The fun ones are where it's like about Llama or Mamba or something. And then they like generate animals in them, which is good. I think I could get much better at it and have a better segmentation system for the paragraphs and, or have like chat to PT summarize them or something like that. But I just know that within like a year, it was going to be a text to video API and I'm just going to switch it and it's going to be great.
And so I'm like laying the groundwork for infrastructure to have like multimodal. Content as multimodal content distribution, really, and I just expect it to become very fun. I mean, like even the text to voice is pretty good. I think I don't have a studio, but once [00:34:00] you have a studio, it's going to be able to generate perfect audio for whatever you want.
So another one of my dreams that is. Bad for young students is I want to be able to give like a slide deck to a script that returns the five minute conference video that no one ever watches just based on like a, GPT for reading those, the slide deck and voicing yourself. So those are the silly things that I have time to do because I'm not a professor.
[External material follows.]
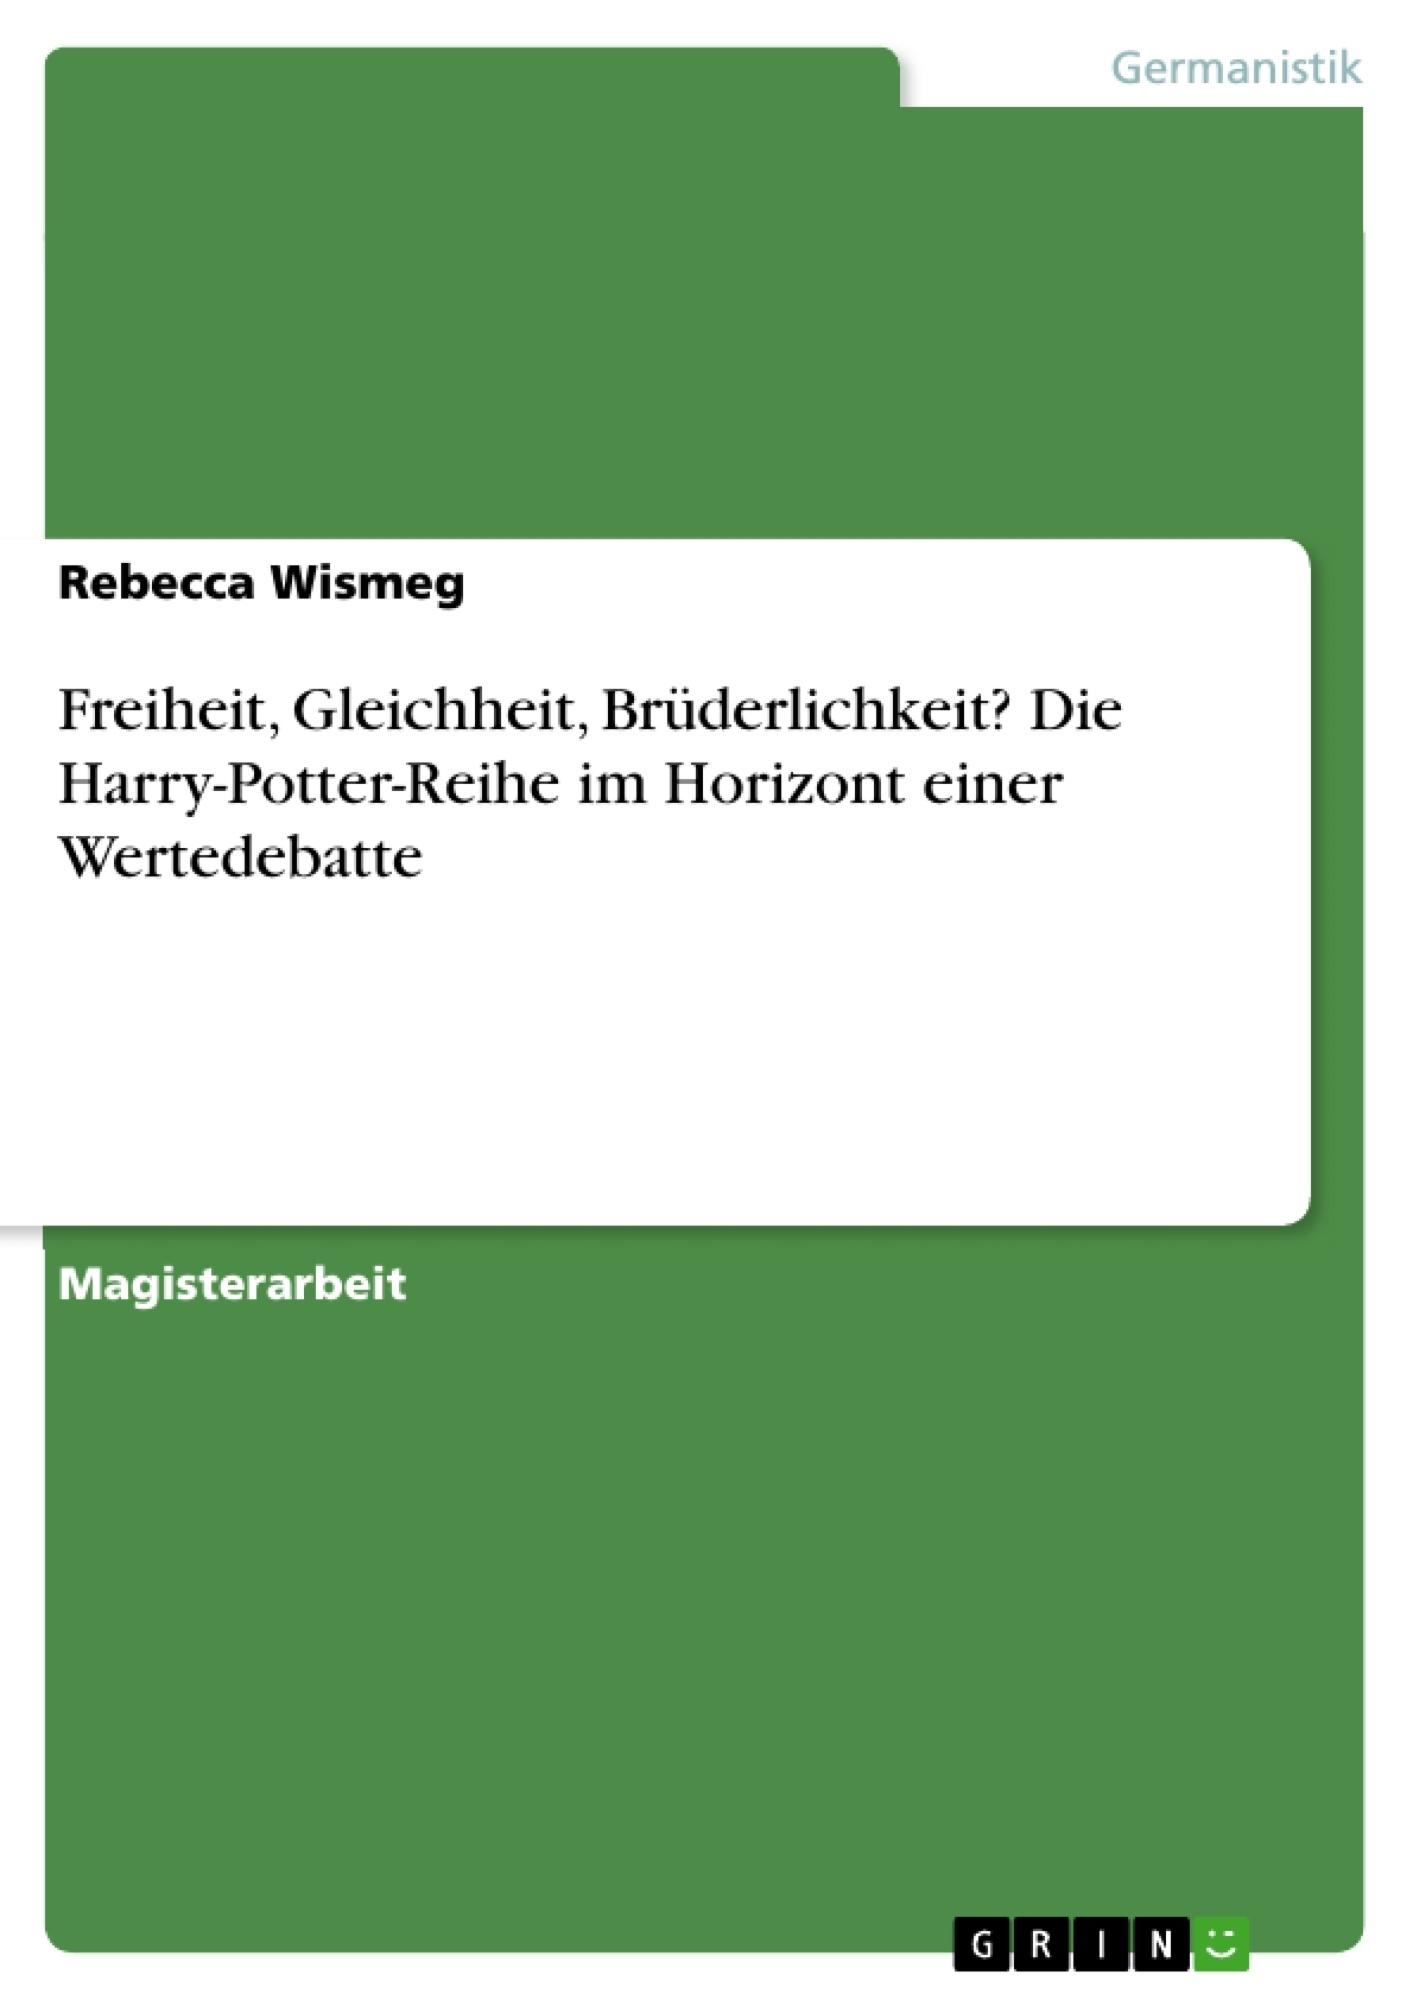 Titel: Freiheit, Gleichheit, Brüderlichkeit? Die Harry-Potter-Reihe im Horizont einer Wertedebatte

[00:34:29] Tri Dao: Yeah, I think these, these, these advances, these systems, like they, they do generate a lot of economic value and, and we're seeing that already. Lots of companies are now switching to using these things. And I think it's going to change the way we work as, as you mentioned, the way we work, the way we're entertained.
So I'm just very exciting future.
[00:34:47] Nathan Lambert: Yeah. Anything else? Well, thanks for coming. Try to get you guys as much. Attention as I can bring, you never know it'll go viral these days. So I think this was a great conversation. People are really hungry for basic intuitions in [00:35:00] the area. So this is good.
[00:35:02] Tri Dao: Yeah. Thank you.
Nathan is a pleasure. Absolutely.
[00:35:07] Michael Poli: for inviting us. And, maybe, if, you know, there are more questions, is there a way to maybe collect them or to, to provide readers with like listeners with, an address or something? Happy to answer anything.
[00:35:24] Nathan Lambert: Yeah. I'll, I'll include contact info in the post and various ways.
This will be out there. You'll get your comments on Substack, YouTube, Twitter. It's a mess. You've got to pay attention to 10 million streams of information these days, but you'll, you'll get contacted by people. Thankfully, for some reason, people read my stuff, but here we are. So thanks for listening.